Test Set

A test set is a collection of cases used to verify the reliability of an expert system or artificial intelligence post-training during the inductive learning process.

Note. In machine learning, the test set is also known as the testing dataset. It serves as an ex post verification method and should not be confused with other ex ante prediction evaluation techniques.

How the Test Set Works
Performance of the Decision Algorithm
Learning Curve
The Risk of Peeking

How the Test Set Works

The test set comprises vectors X, representing the state of n environmental variables { x1, x2, ... , xn }.
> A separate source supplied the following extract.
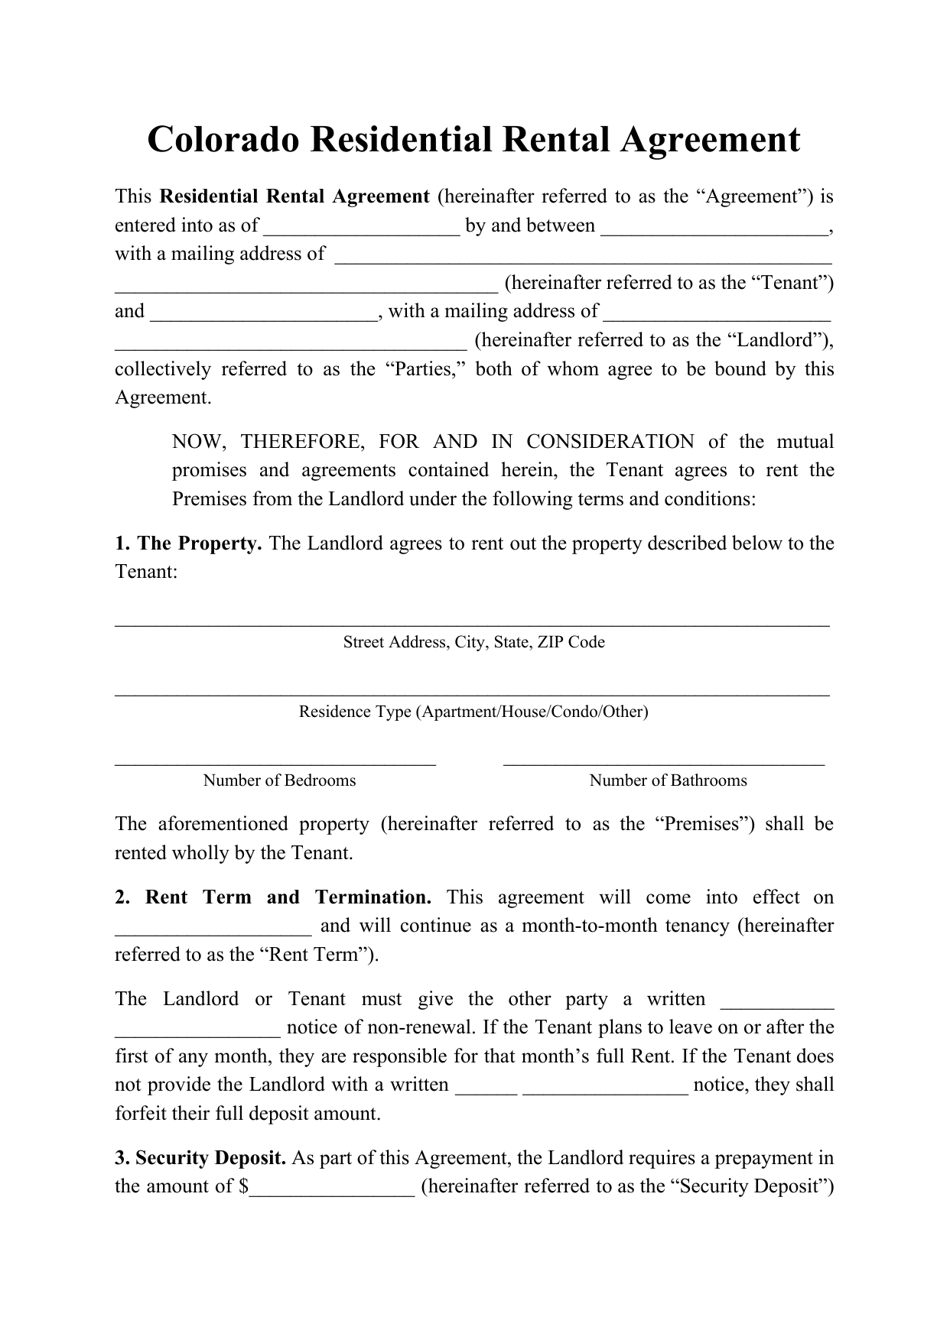 Residential Rental Agreement Template - Colorado, Page 1

Each X vector is associated with a decision variable Y, which is the best possible decision according to subject matter experts.

an example of a testing set

Difference between Training Set and Test Set. The test set has the same structure as the training set, but with different data. In the training set, data are input by a supervisor or the machine itself, observing feedback from the external environment. In the test set, however, data are input by subject matter experts.

The n vectors are presented to the machine as input variables.

The machine generates a response R based on its knowledge base and/or decision tree.

Once obtained, the machine's response R is compared with the best decision Y predicted by the experts.

how the test set works

If the machine's decision matches the experts' (Y=R), it passes the test.

Otherwise, it fails.

Note. Before arriving at an overall quality assessment of the prediction, the machine should be subjected to multiple cases from different test sets. The more diverse the test sets, the more effective the evaluation.

Performance of the Decision Algorithm

The test set allows for the measurement of the algorithm's performance.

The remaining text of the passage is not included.